In formal terms, the imperfect is more akin the present in that a periphrastic/analytical construction (that is, a copula and a non-tensed (converb) form of the verb is used. But semantically, both the imperfect and the aorist refer to events that happened in the past. The difference between the two may be seen as aspectual — whether the event happened repeatedly/habitually or just once — yet many scholars prefer to treat those as different tenses.

A very different way of achieving a rich system of past tenses is by drawing remoteness distinctions, that is, tense choices dependent on the temporal distance between the time of speech and the event time. Remoteness may be more subjectively or more objectively determined; in the latter case, a combination of a “remote” time adverbial with a “non-remote” tense will result in ungrammaticality. According to the WALS,

“almost universally, if there is one well-defined cut-off point in the past between different forms, the division lies between ‘today’ and ‘before today’. The ‘before today’ range is often divided further. The term hodiernal is commonly used for ‘today’s past’, and tenses that are restricted to the day before the point of speech may be called hesternal.”

Languages that have a past/non-past tense system with a two- or three-way remoteness distinction include Bantu languages of Africa, such as Zulu, Sesotho, Kikuyu and Luganda; Eurasian languages like Udmurt (Finno-Ugric), Balochi (Indo-Iranian), Uyghur (Turkic) and Buriat (Mongolic); Papuan languages like Kewa and Alamblak; as well as many native American languages including Inuktitut, Cheyenne and Hixkaryana.

But even richer systems are known to exist. One of the most vertiginous systems of remoteness distinctions is found in Yagua, a  Peba-Yaguan language spoken by some 5,690 speakers in the upper Amazonas region of northeastern Peru (marked #81 on the map from the Ethnologue.com). Yagua is said to distinguish no less than five past tenses, including two proximate tenses (meaning roughly ‘a few hours previous to the time of utterance’ and ‘one day previous to the time of utterance’) and three past tenses (meaning ‘roughly one week ago to one month ago’, ‘roughly one to two months ago up to one or two years ago’ and ‘distant or legendary past’). For example, to report a man’s death that happened between a week and a month ago, a Yagua speaker would say sadííchimyaa, while if the said death occurred between 1 to 2 months and a year ago, the way to report it in Yagua would be sadíímyaa. The difference between these two forms is in the past tense 1 suffix -siy vs. the past tense 2 suffix -tíy (both suffixes as well as other morphemes undergo sound changes because of the other morphemes they co-occur with in these words, but we need not discuss those details here). Note that Yagua, like Swahili discussed in yesterday’s post, is a head-marking language, meaning that the pronominal features of the subject — in this case, that it is a third person singular subject ‘he/she’ — is expressed via a prefix on the verb rather than an independent pronoun.

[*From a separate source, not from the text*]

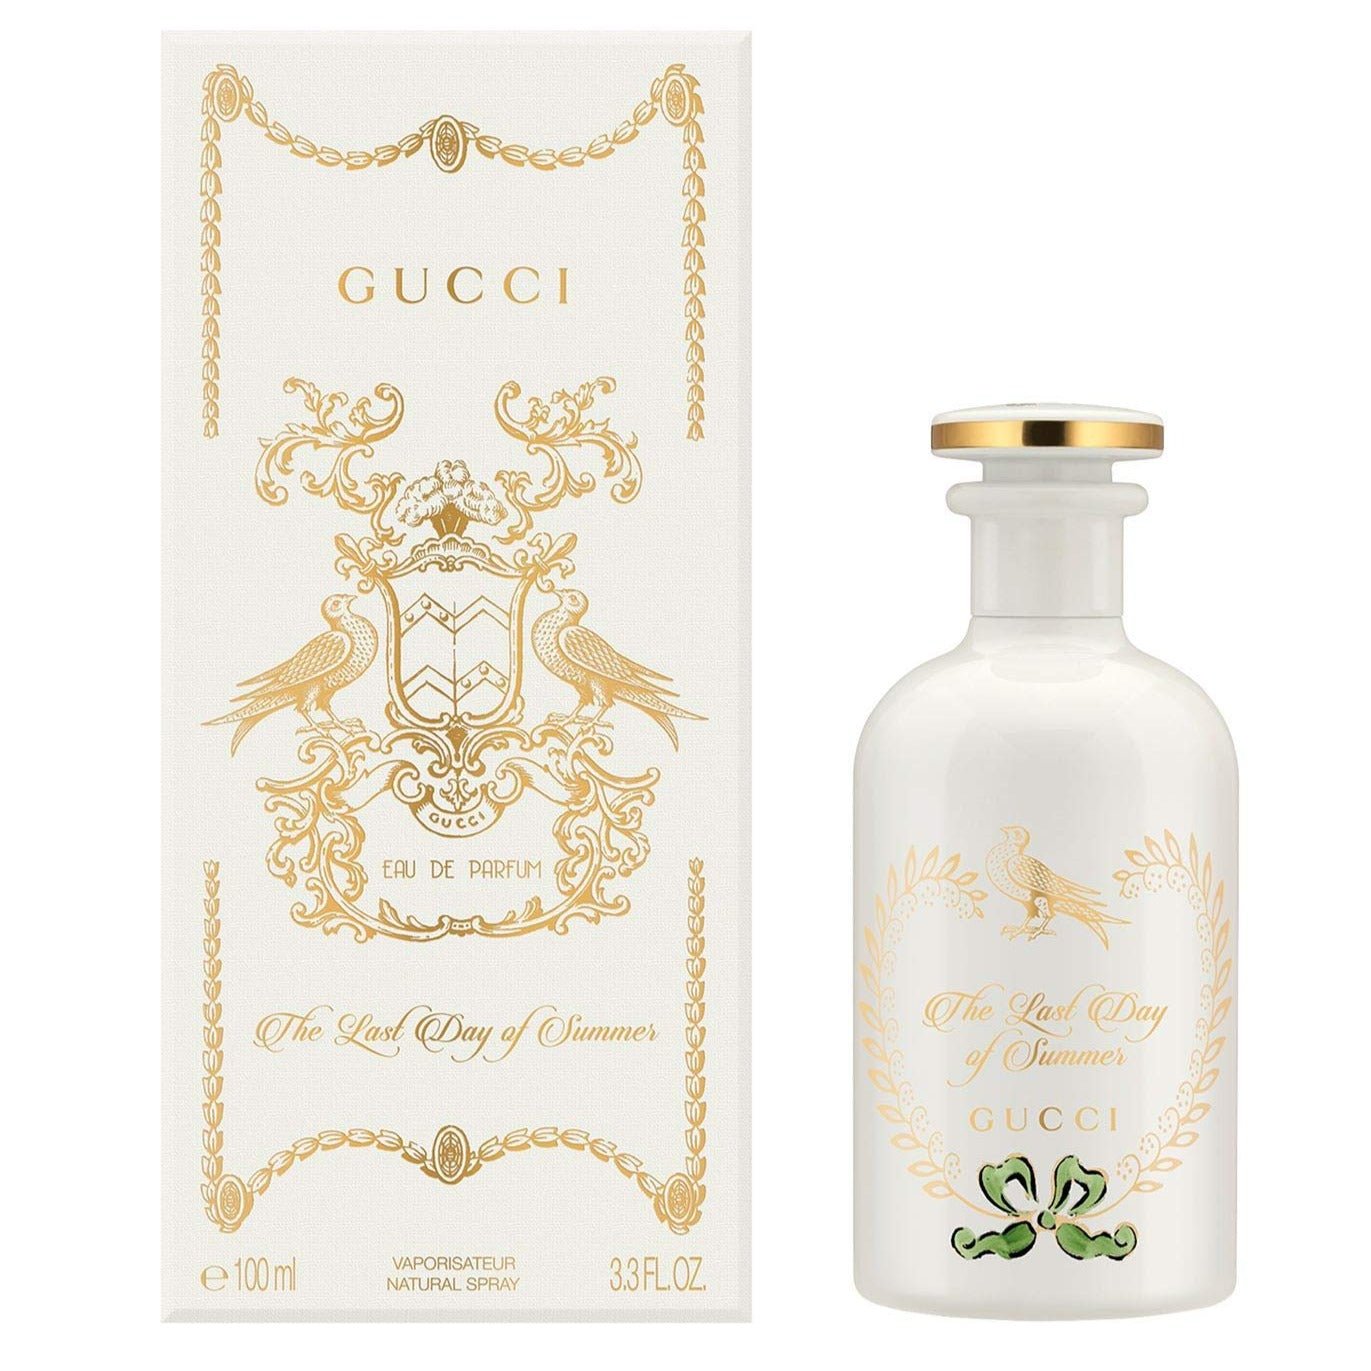 Gucci The Alchemist's Garden The Last Day Of Summer EDP | My Perfume Shop Australia

It should be noted also that, as with the future tense, which may be used for non-future events, grammatically past tense forms may be used for non-past events. For example, in Russian the past tense Ja ushla (literally ‘I left’) may be used for a future event, when I am about to leave, but have not left yet; another peculiar use of the grammatical past tense for non-past events in Russian is in commands (especially, in the military), where a sergeant or a petty officer may order a private Upal, otzhalsja desjat’ raz (literally, ‘Fell down, did ten push-ups’).

English, like Russian, allows past tense to be used for non-past events, but while Russian uses it for rude commands, English uses it for polite offers, in a very formal register. Here’s how Joel Hoffman describes it in his book And God Said. How Translations Conceal the Bible’s Original Meaning:

“At the end of a meal, a tuxedoed waiter in a fancy restaurant might ask a diner, “Did you want some more coffee, ma’am?” The wrong answer is, “I did, but now it’s too late.” In restaurantese and, more generally, in very formal registers, the past tense substitutes for the present tense.”


Previous Post
«
| Next Post
»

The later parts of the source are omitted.